"Violence as a Generative Force is a beautifully written, insightful, theoretically driven, compelling book. Max Bergholz is a gifted storyteller who lures the reader into a deeply complex story of multisided civil conflict, one that challenges presumptions about the processes and motives of violence."
— Emily Greble, City College of New York, author of Sarajevo, 1941–1945: Muslims, Christians, and Jews in Hitler's Europe
"Violence as a Generative Force sheds light on ethnic violence in original and illuminating ways. This remarkable book takes the gripping events in a small and often overlooked Bosnian community and places them in a startling new analytical perspective."
— Edin Hajdarpasic, Loyola University Chicago, author of Whose Bosnia? Nationalism and Political Imagination in the Balkans, 1840–1914
"Violence in the Balkans has been overdescribed and underexplained.
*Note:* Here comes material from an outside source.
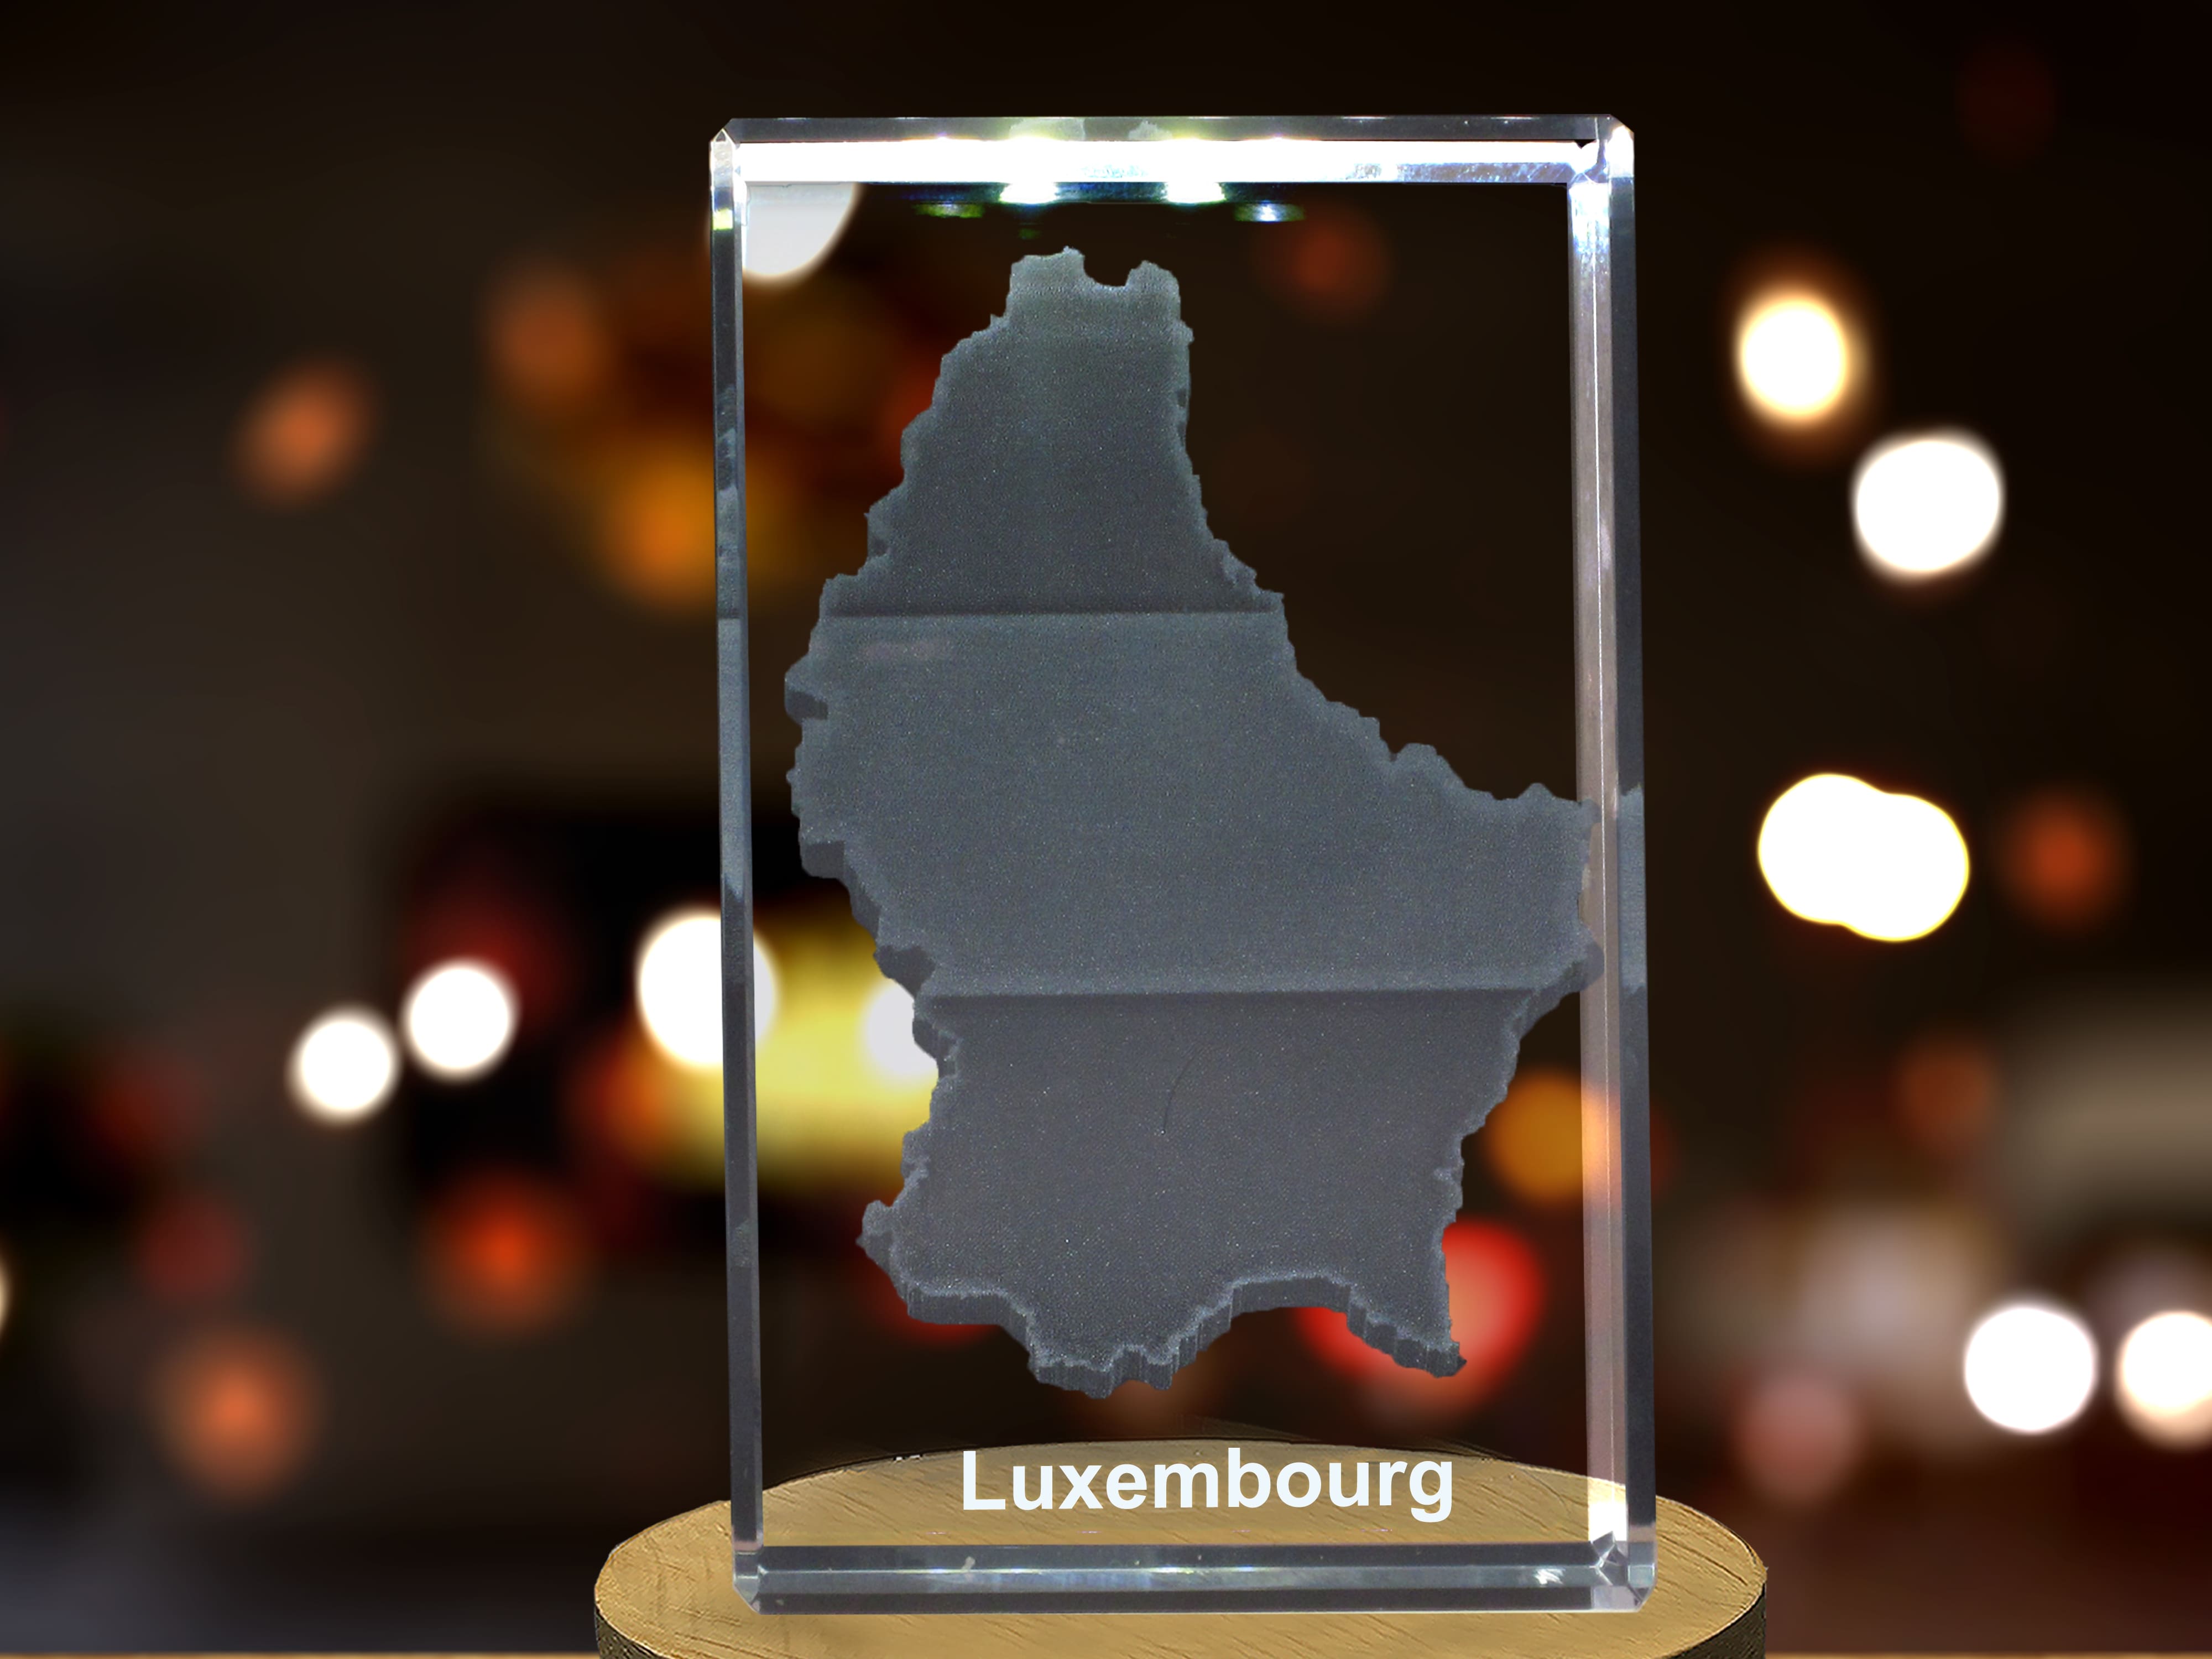 Luxembourg 3D Engraved Crystal 3D Engraved Crystal Keepsake/Gift/Decor/Collectible/Souvenir A&B Crystal Collection
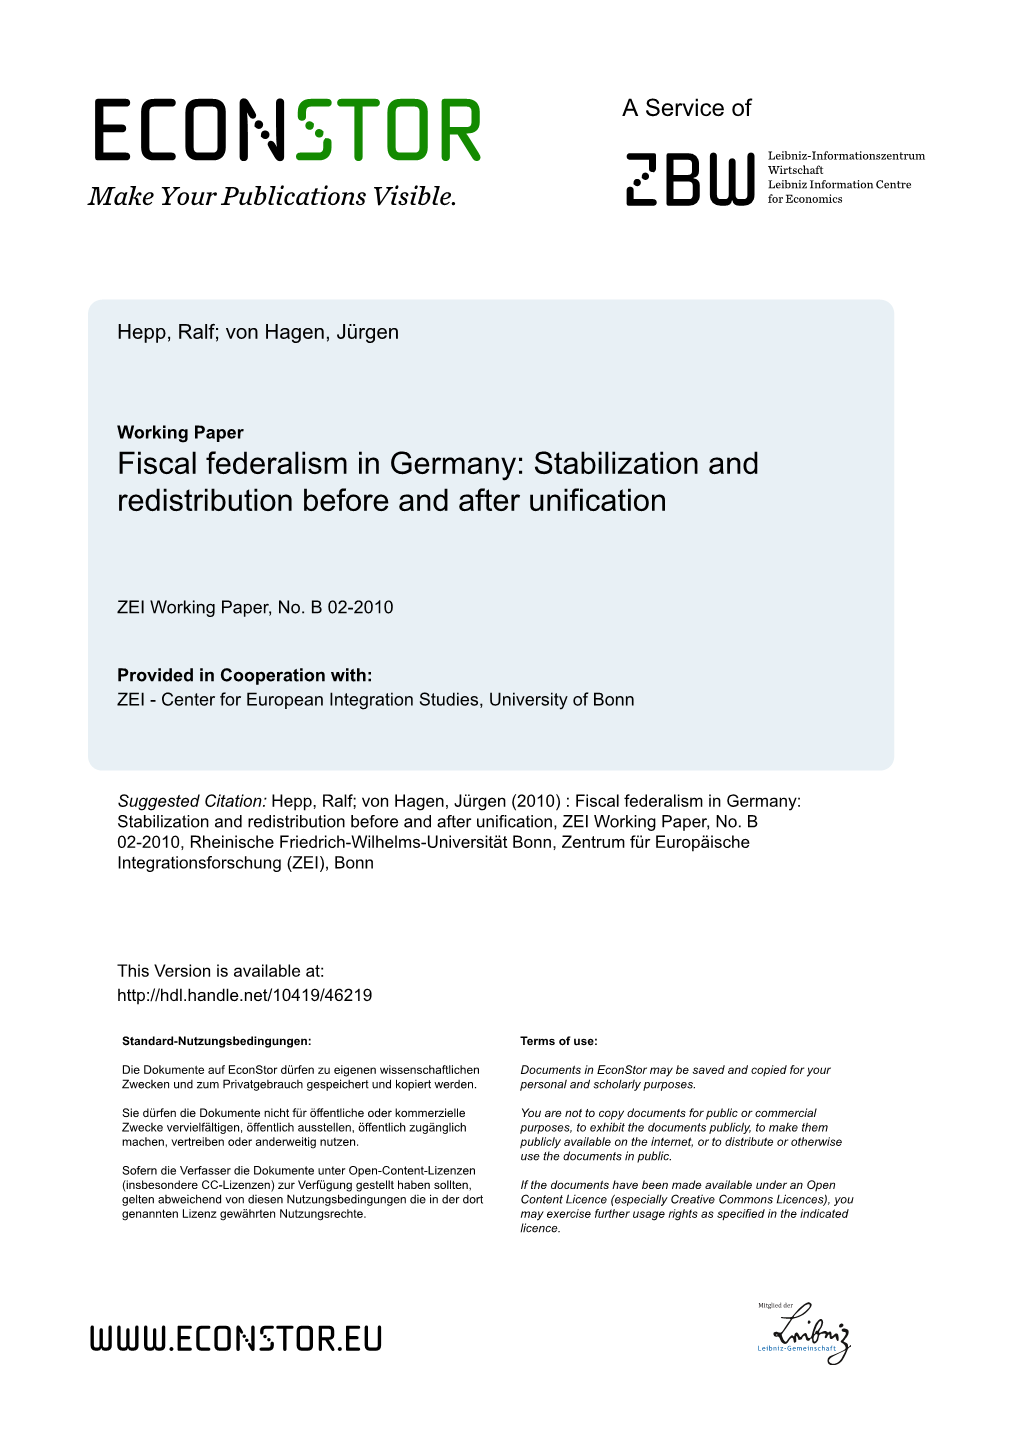 Fiscal Federalism in Germany: Stabilization and Redistribution Before and After Unification

By dint of phenomenal research, vivid reconstruction, and meticulous analysis, Max Bergholz uncovers the truth about interethnic killing in a Bosnian provincial town during 1941. At once dispassionate, spirited, and profoundly responsible, his inquiry proves the transformative power of extreme violence to create identity. This excellent and enlightening book deserves the widest readership."
— Mark Thompson, University of East Anglia, author of Birth Certificate and A Paper House
"Max Bergholz's Violence as a Generative Force is meticulously researched, engagingly written, and discerning in its judgments. It offers important new insights into the intercommunal violence in Bosnia-Herzegovina during World War II, but even more importantly it makes a significant contribution to the study of the dynamics of mass violence and how violence shapes identity and social relations in multiethnic societies. It should appeal to a wide multidisciplinary audience."
— Mark Biondich, Institute of European, Russian and Eurasian Studies, Carleton University, author of The Balkans
"Violence as a Generative Force is a rare and challenging piece of scholarship: an ethnography of the past that shows how humans' darkest capabilities can also produce new forms of social solidarity. Max Bergholz asks very big questions about very small places, which is precisely the way to understand that most awful of social phenomena: the decision by one set of neighbors to throw another set down a cave."
— Charles King, Georgetown University, author of Odessa and Midnight at the Pera Palace
"In this meticulously researched book, based on extensive archival work, Max Bergholz holds a microscope to a largely forgotten episode of violence in 1940s Bosnia. Informed by scholarship that spans multiple disciplines and regions, Bergholz's powerful analysis shows how violence shapes ethnicity—and in varied ways. While deeply anchored in Bosnia, this book has far-reaching implications for scholars of violence, social identity, and rural politics."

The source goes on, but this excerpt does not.